INFORMATION SHOWN section start
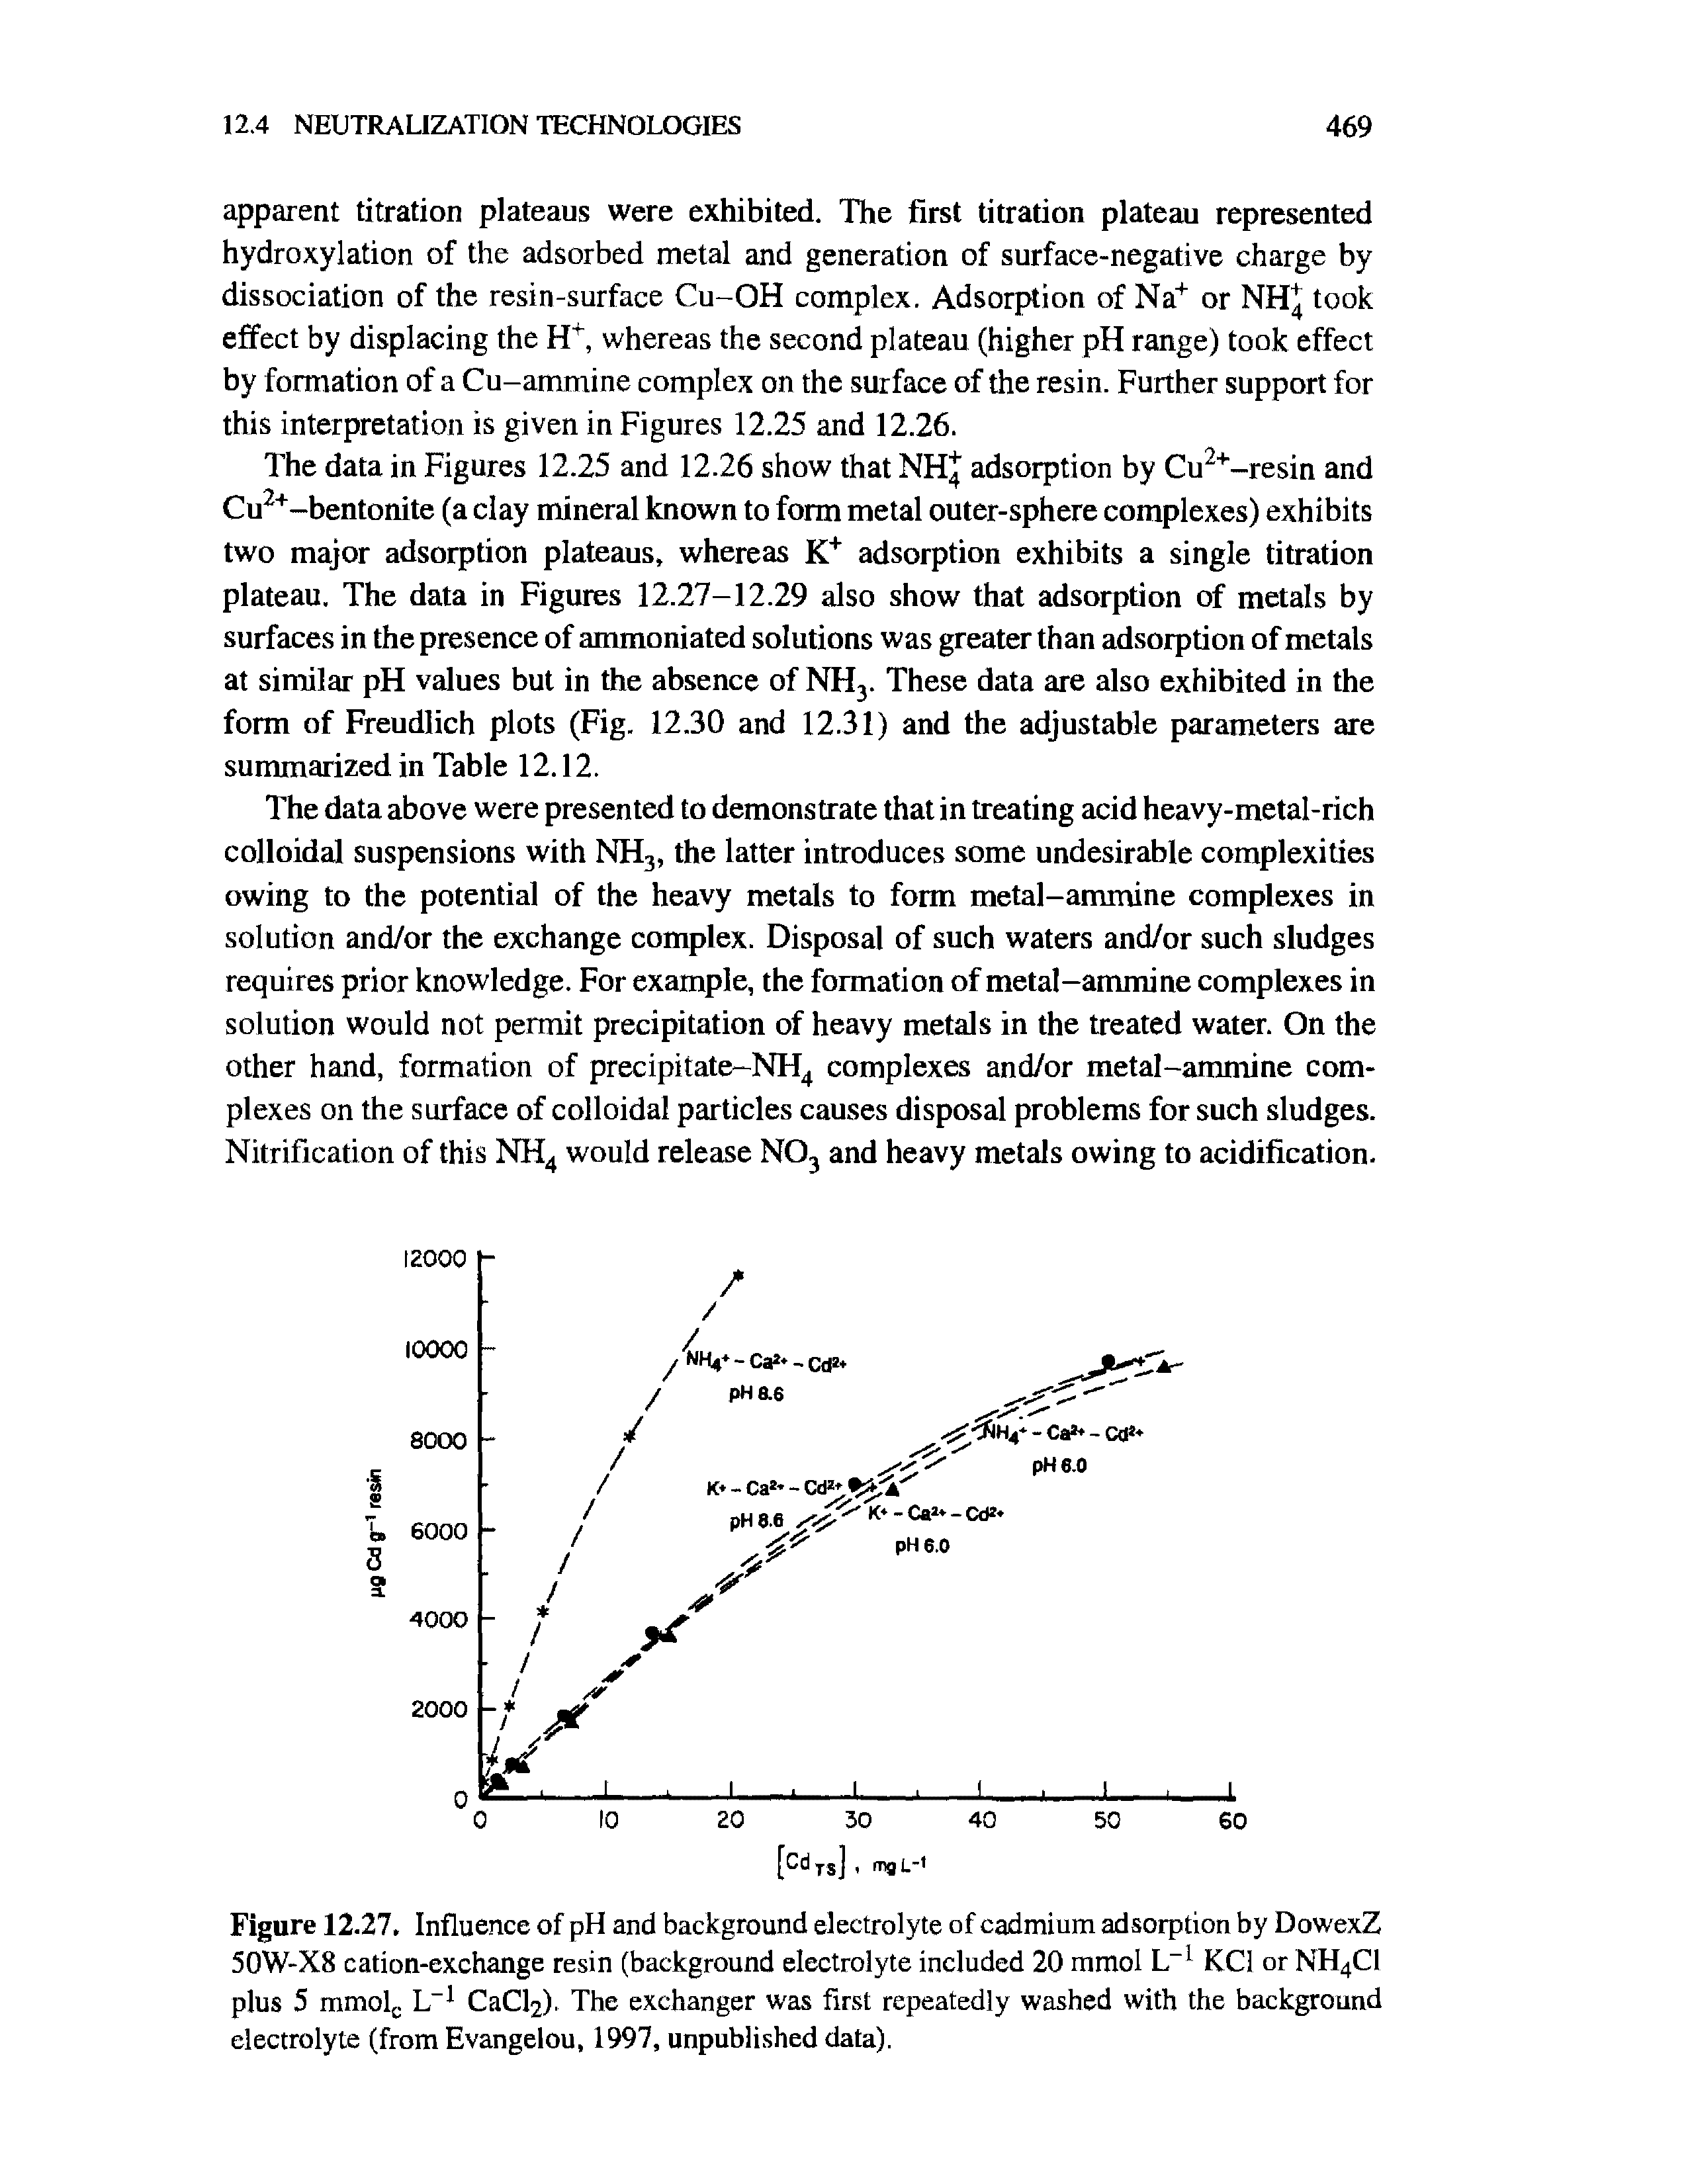 Figure 12.27, Influence of pH and background electrolyte of cadmium adsorption by DowexZ 50W-X8 cation-exchange resin (background electrolyte included 20 mmol L l KC1 or NH4C1 plus 5 mmolc L-1 CaClz). The exchanger was first repeatedly washed with the background electrolyte (from Evangelou, 1997, unpublished data).
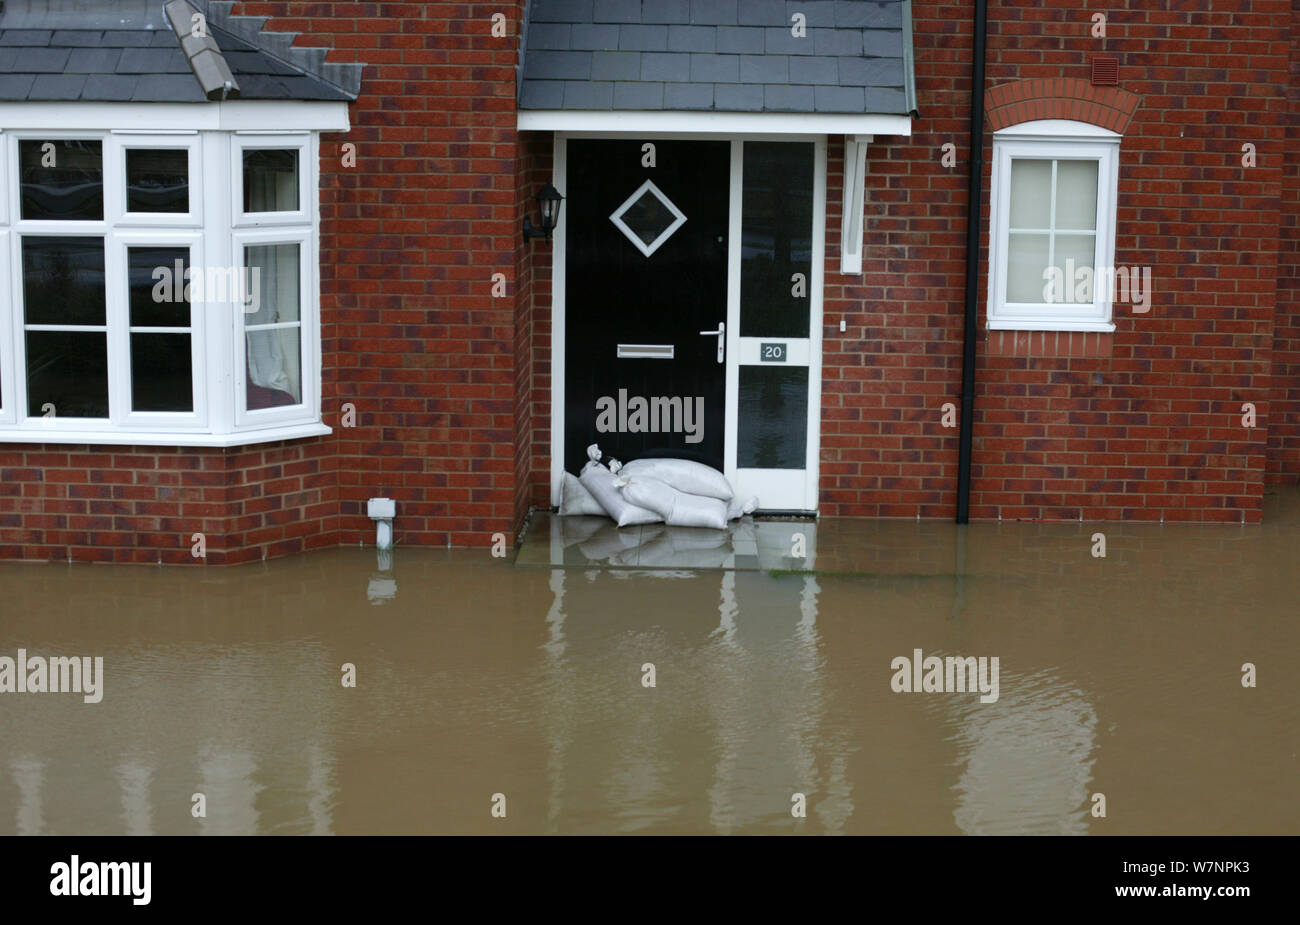 Flooding of newly built housing in the Glasdir estate, Ruthin, Vale of Clwyd, Denbighshire, Wales, UK.  This is an area at risk of flooding and therefore difficult to obtain House insurance. 27/11/ 2012 Stock Photo
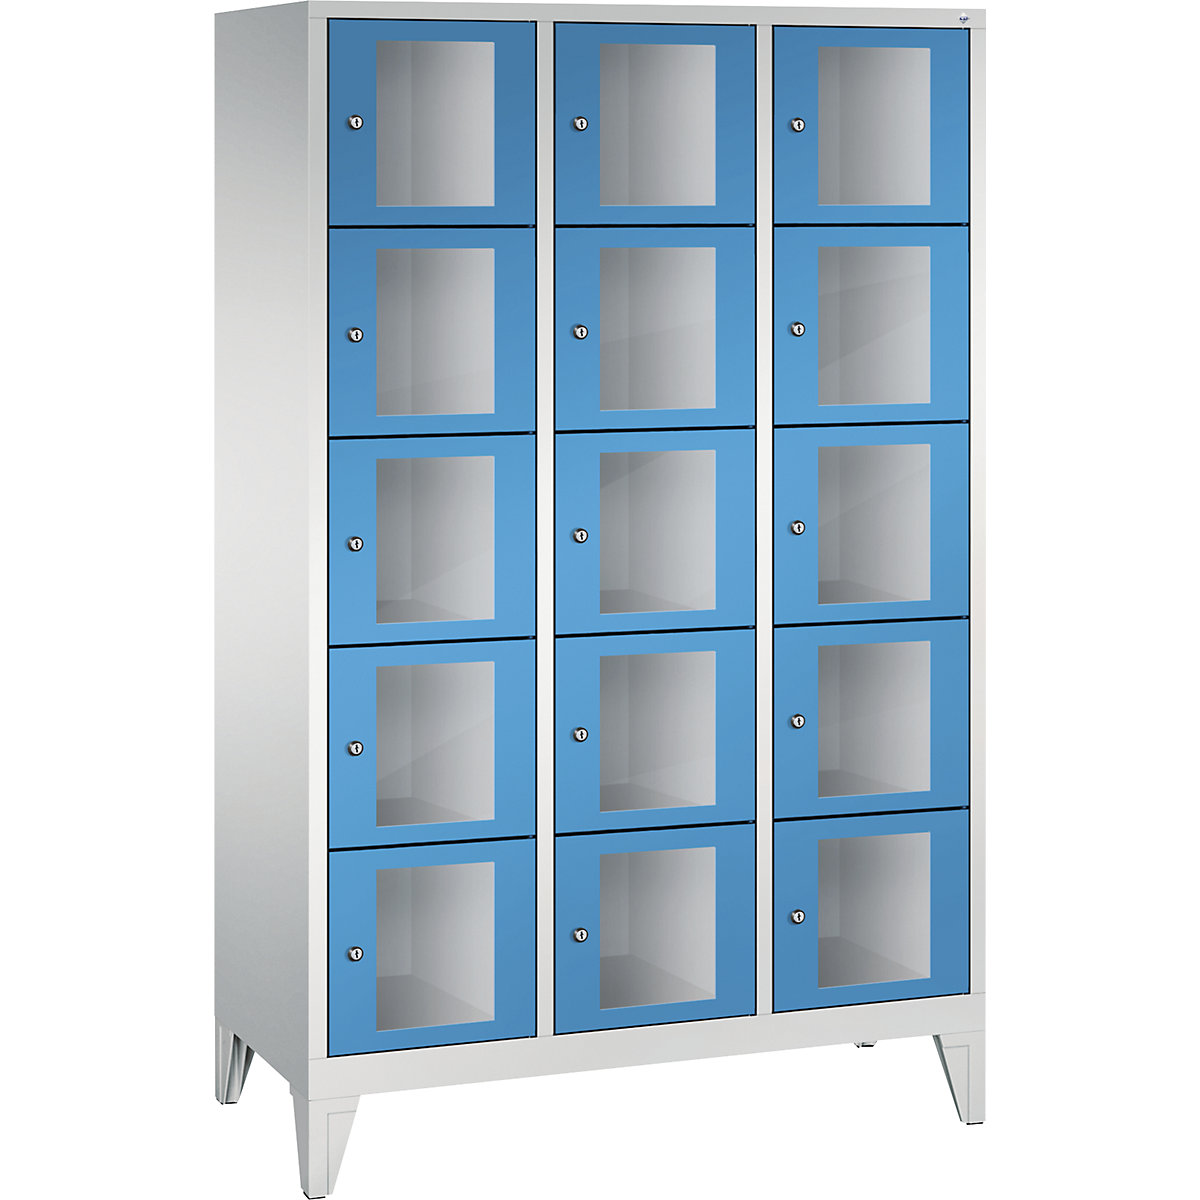 C+P – CLASSIC locker unit, compartment height 295 mm, with feet, 15 compartments, width 1200 mm, light blue door
INFORMATION SHOWN section end
## YOUR INSTRUCTIONS
The whole listing must be transcribed exactly. No pictures belong in the copy.

## WRITTEN ANSWER
 Figure 12.27, Influence of pH and background electrolyte of cadmium adsorption by DowexZ 50W-X8 cation-exchange resin (background electrolyte included 20 mmol L l KC1 or NH4C1 plus 5 mmolc L-1 CaClz). The exchanger was first repeatedly washed with the background electrolyte (from Evangelou, 1997, unpublished data).
 Flooding of newly built housing in the Glasdir estate, Ruthin, Vale of Clwyd, Denbighshire, Wales, UK.  This is an area at risk of flooding and therefore difficult to obtain House insurance. 27/11/ 2012 Stock Photo
 C+P – CLASSIC locker unit, compartment height 295 mm, with feet, 15 compartments, width 1200 mm, light blue door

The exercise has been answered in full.